“MicroMR” is a new type of nuclear magnetic resonance imaging NMR analyzer that has both analyzing and imaging functions. It is more accurate and more stable than the old types. Comparing to the old types, it has following advantages. En primer lugar, it has an independent Pulse Sequence Generator (PSG) that can control pulse sequence precisely and stably. En segundo lugar, it has both Radio Frequency (RF) transmitting circuit and RF receiving circuit, which can enhance the signal-to-noise ratio of Nuclear Magnetic Resonance (RMN) signals. Por último, it has a temperature control system with high accuracy, which guarantees the repeatability of measurement.
The following is the framework of RMN de mesa
Higo 1:The framework of NIUMAG benchtop NMR
According to the function, bench top NMR can be divided into five parts: Computadora de control industrial (ICC) with NMdigi Spectrometer System, RF Electronic Unit (RFEU), Gradient Amplifier Unit (GAU), Unidad magnética (MU) and Power Supply Unit (PSU). ICC is the brain of the machine. It receives instructions from users and controls other units to execute tasks. Also it finishes other tasks such as data processing, image rebuilding etc. RFEU transmits RF signals and receives NMR signals both by RF coil. GAU supplies gradient magnetic field. MU generates homogeneous magnetic field.
NMdigi Spectrometer System
Higo 2:The inner framework of bench top NMdigi Spectrometer System
NMdigi Spectrometer System comprises one PSG, one DDS, one ADC and three DACs.

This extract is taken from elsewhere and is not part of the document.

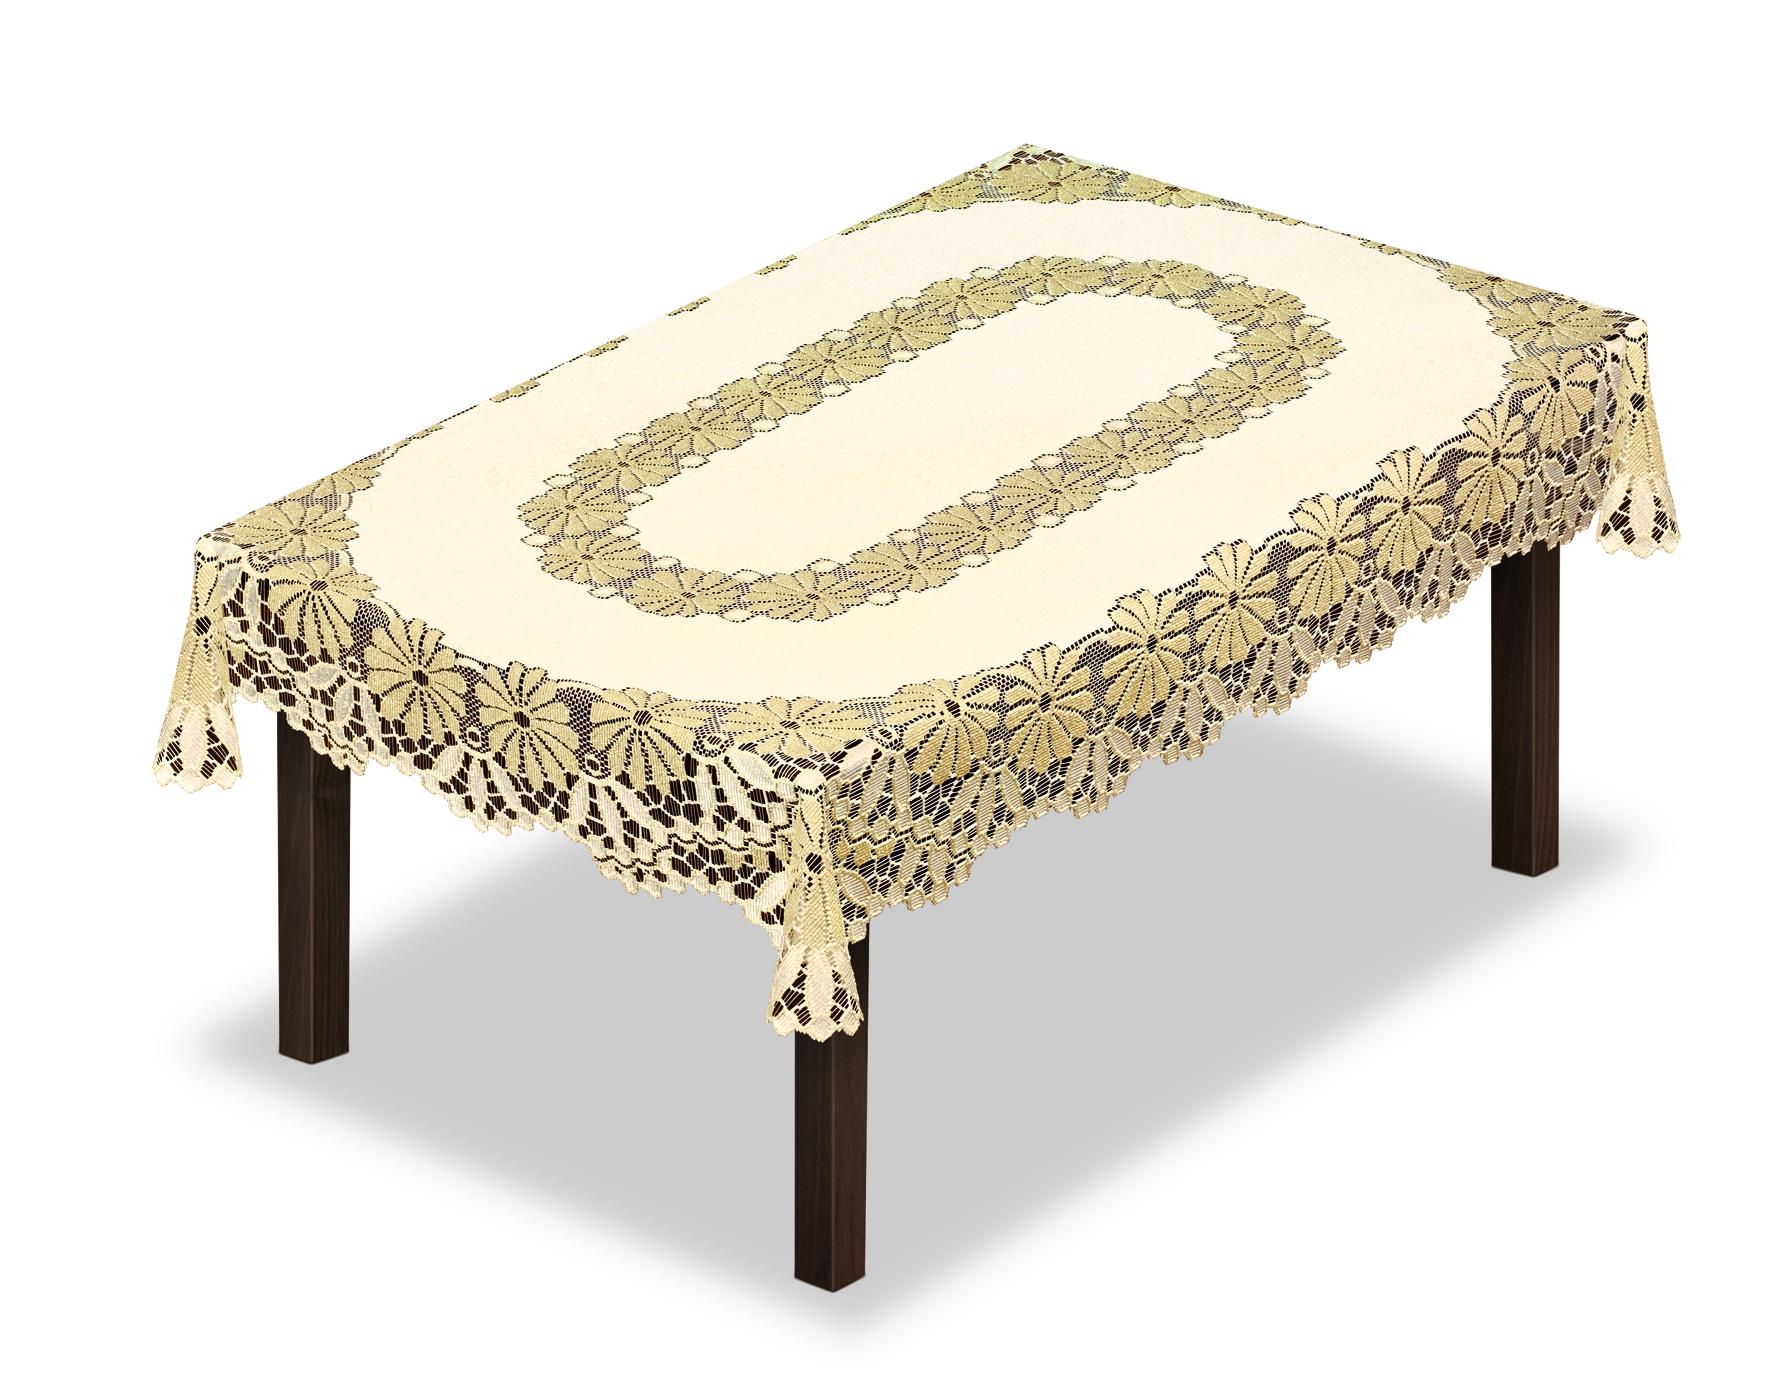 Скатерть Haft, прямоугольная, цвет: кремовый, золотистый, 100 х 150 см. 22870980019Великолепная скатерть Haft, выполненная из полиэстера, органично впишется в интерьер любого помещения, а оригинальный дизайн удовлетворит даже самый изысканный вкус.Скатерть Haft создаст праздничное настроение и станет прекрасным дополнением интерьера гостиной, кухни или столовой.

These circuit boards are inserted in the PCI slots of ICC. The inner framework of NMdigi spectrometer system is illustrated in Fig 2. PSG controls DDS, ADC and DACs. It also sends gating signals to RFEU. DDS produces RF signals in specific shape for RFEU. ADC transforms the NMR signals from analogue form to digital form. DACs transform the gradient parameters into equal electric currents.
RF Electronic Unit
Higo 3:The inner framework of benchtop NMR RF Electronic Unit
RF amplifier amplifies the RF pulses sent by NMdigi spectrometer system and then the pulses are sent into RF coil. Preamplifier amplifies the NMR signals received from RF coil and then sends the signals to ADC of NMdigi spectrometer system. RF switch decides when the signals are transmitted and when the signals are received.
Gradient Amplifier Unit
Higo 4:The inner framework of Bench top NMR Gradient Amplifier Unit
Under the control of PSG, the three(X, Y, Z) routes of currents which are transformed by DACs are sent to the gradient amplifiers and then are sent to gradient coils for producing the gradient magnetic field.
Unidad magnética
Higo 5:The inner framework of Bench top NMR Magnet Unit
Magnet Unit consists of one magnet, three sets of gradient coils, one RF coil, one temperature sensor, four heaters and two fans. As illustrated in Fig 1-5, the magnet has two poles. The gradient coils(X, Y and Z) are stuck to the two poles. The temperature sensor is pasted on one of the poles. Two of heaters are adhered to the surface of the magnet and the other two are adhered to the surface of the fans.
Power Supply Unit
Higo 6:The inner framework of bench top NMR Power Supply Unit
Power Supply Unit is chiefly composed of power supply, temperature controller and constant current source. The transformer in Fig 6 transforms consumer voltage 220V into all kinds of working voltage needed by other units such as RF amplifier’s working voltage(24V), fan’s of PSU(12V), preamplifier’s(±5V), fans’ of MU(12V), and constant current source’s(20V). The temperature controller and the constant current source together construct the temperature control system. En primer lugar, the controller chooses a heating mode based on the temperature which sensor sends back. En segundo lugar, the controller sends the proper heating voltage to the constant current source. Por último, constant current source changes the voltage into current and sends to the heaters. And this is one circulation of heating process. To keep the stable temperature in MU, this process is circulating all the time.